Gandy–Gamna nodules or Gandy-Gamna bodies, also known as Gamna-Gandy bodies, Gamna-Gandy nodules or siderotic nodules, are small yellow-brown, brown, or rust-coloured foci found in the spleen in people with splenomegaly due to portal hypertension, as well as in sickle cell disease. They consist of fibrous tissue with haemosiderin and calcium deposits, and form by scarring at the sites of small perivascular haemorrhages. They are most clearly shown on MRI, on which the haemosiderin they contain produces a marked loss of signal.

The nodules are themselves harmless and need no treatment; they matter mainly as a sign of long-standing portal hypertension or another underlying disorder. Identical deposits occasionally arise outside the spleen, most often in atrial myxomas. They are named after the French physician Charles Gandy and the Italian pathologist Carlos Gamna.

== Morphology ==
On a cut surface of the spleen the nodules are well defined and a few millimetres across, each with a dark haemorrhagic centre, a paler inner rim and a darker outer rim. Under the microscope they are made of dense fibrous and collagenous tissue with elastic fibres, encrusted with haemosiderin and calcium salts, and they represent organised remnants of old bleeding rather than active infection or inflammation. The surrounding splenic tissue commonly carries scattered haemosiderin from earlier haemorrhage.

== Causes ==
The usual setting is portal hypertension, most often from cirrhosis of the liver, in which prolonged congestion of the spleen produces repeated small bleeds. The nodules are also found with portal or splenic vein thrombosis, haemolytic anaemias such as sickle cell disease and hereditary spherocytosis, leukaemia and lymphoma, after repeated blood transfusions, and in haemochromatosis and paroxysmal nocturnal haemoglobinuria. Where schistosomiasis is common, hepatosplenic schistosomiasis is an important cause.

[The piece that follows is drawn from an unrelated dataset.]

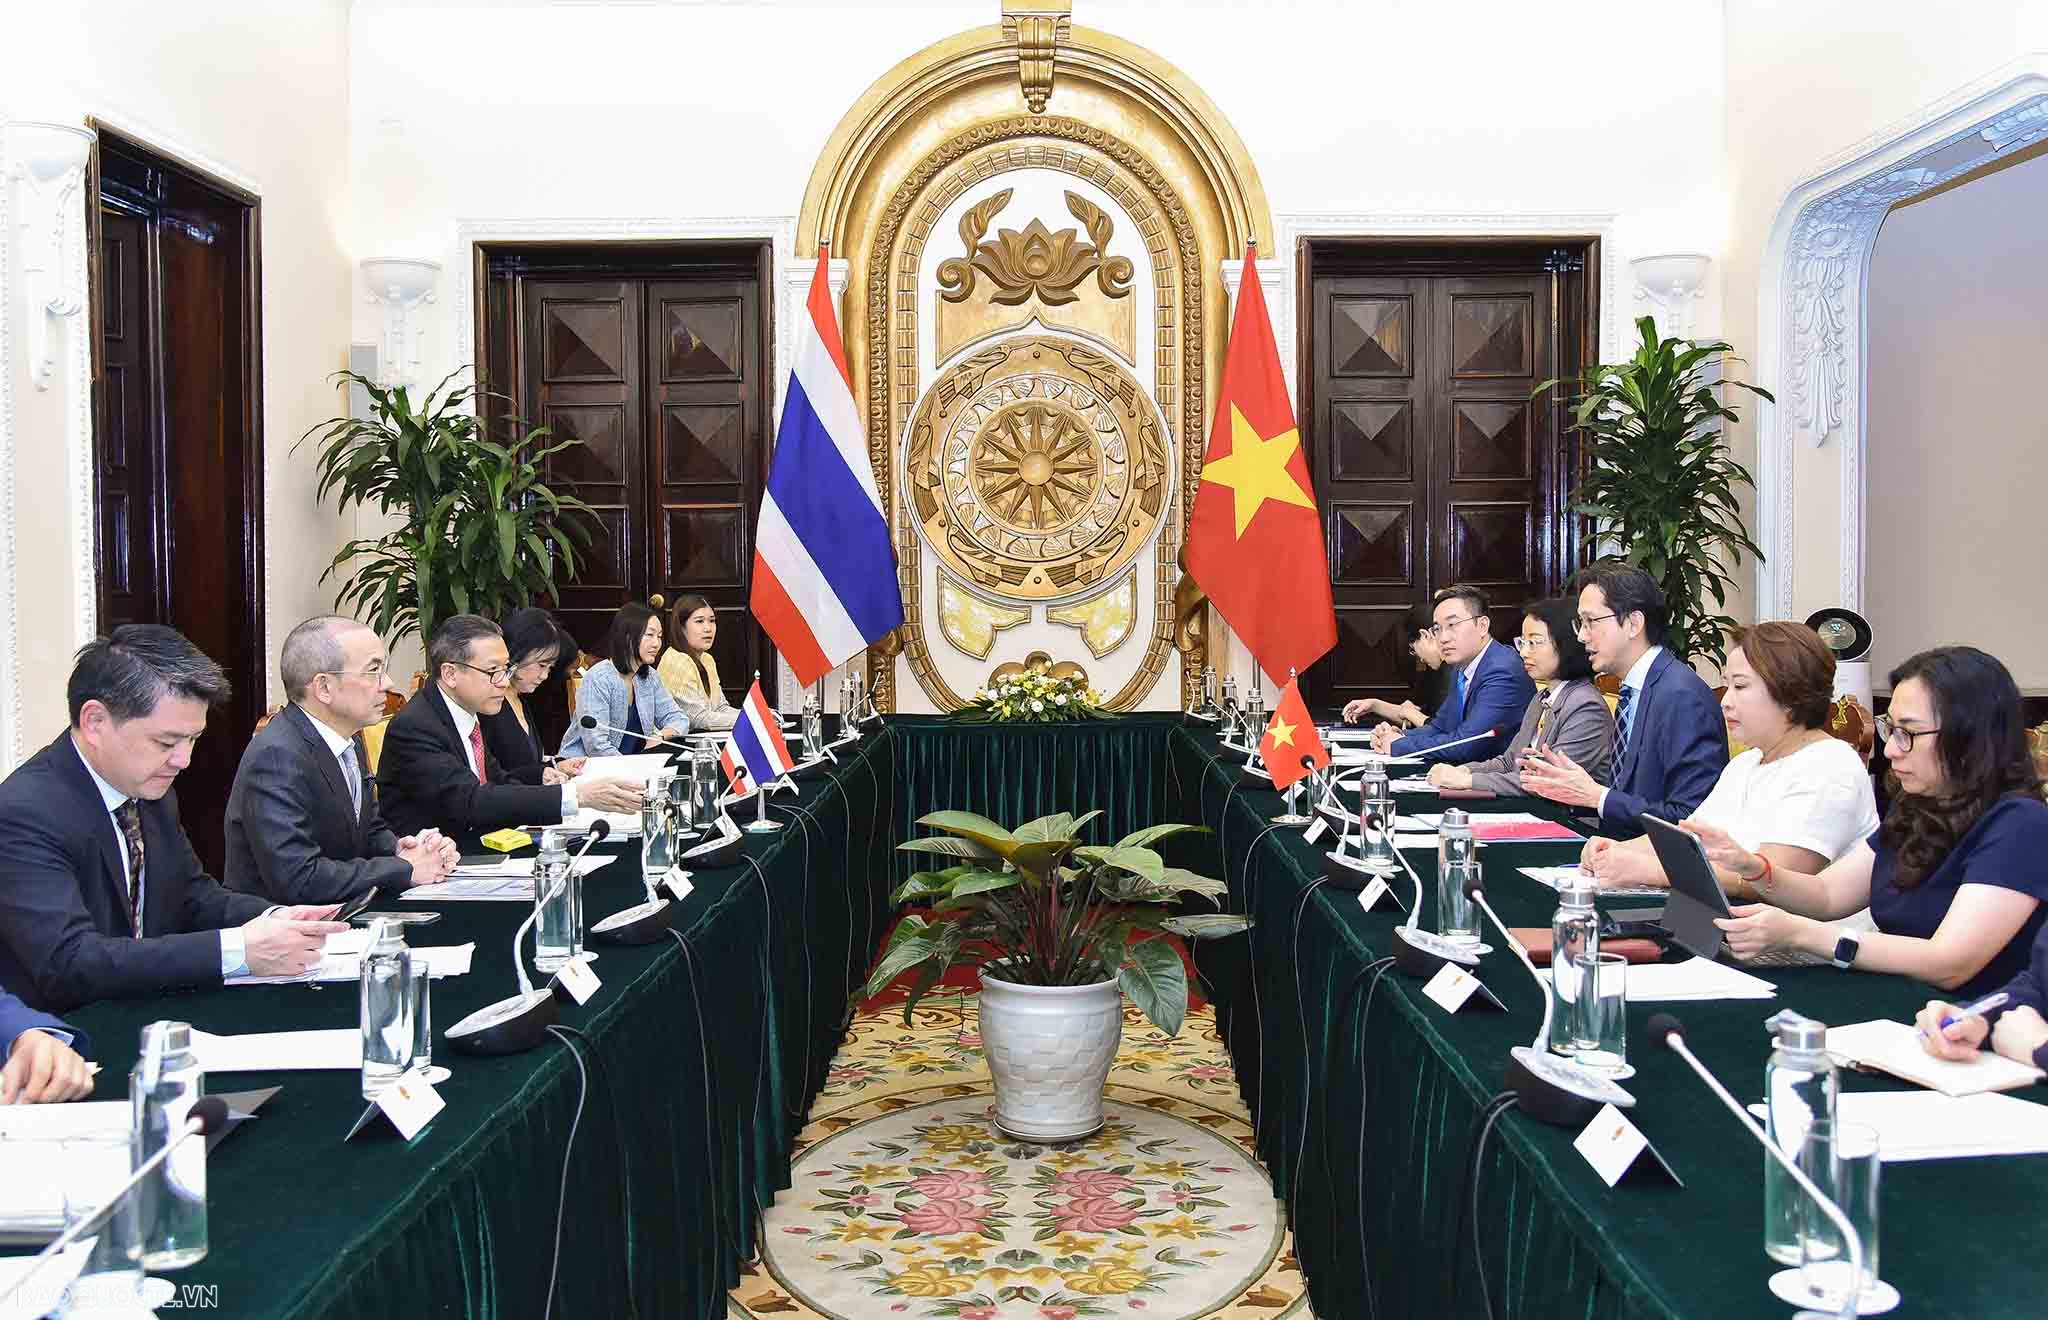 Vietnam, Thailand Foreign Affairs Ministries hold 9th Political Consultation in Hanoi

Although the spleen is by far the most frequent site, the same deposits occur elsewhere. They are well recognised in cardiac myxomas, where they form linear strings of mineralised fibres at the edges of resolving bleeds, and have been reported less often in renal cell carcinoma, thymoma, thyroid nodules and lymph nodes.

== Mechanism ==
Portal hypertension makes the spleen enlarge and congest. Blood passes through it more slowly and at higher pressure, producing tiny haemorrhages in the red pulp. As the trapped blood breaks down, iron is laid down as haemosiderin, and over time the collagen and elastic fibres at the site take up iron and calcium and are walled off by a fibroblastic reaction, leaving a small firm iron-rich nodule.

== Imaging ==
MRI is the most sensitive method and is treated as the reference standard. Because the nodules contain iron they show low signal on every standard sequence and stand out most on gradient echo images, where distortion of the local magnetic field gives a "blooming" appearance that makes them look larger than they are. They are seen on MRI in roughly 9 to 12 per cent of patients with portal hypertension. Susceptibility weighted imaging is more sensitive again; in one study of 135 patients the number of nodules rose with the severity of portal hypertension and the presence of oesophageal varices, which the authors suggested might make the count a non-invasive marker.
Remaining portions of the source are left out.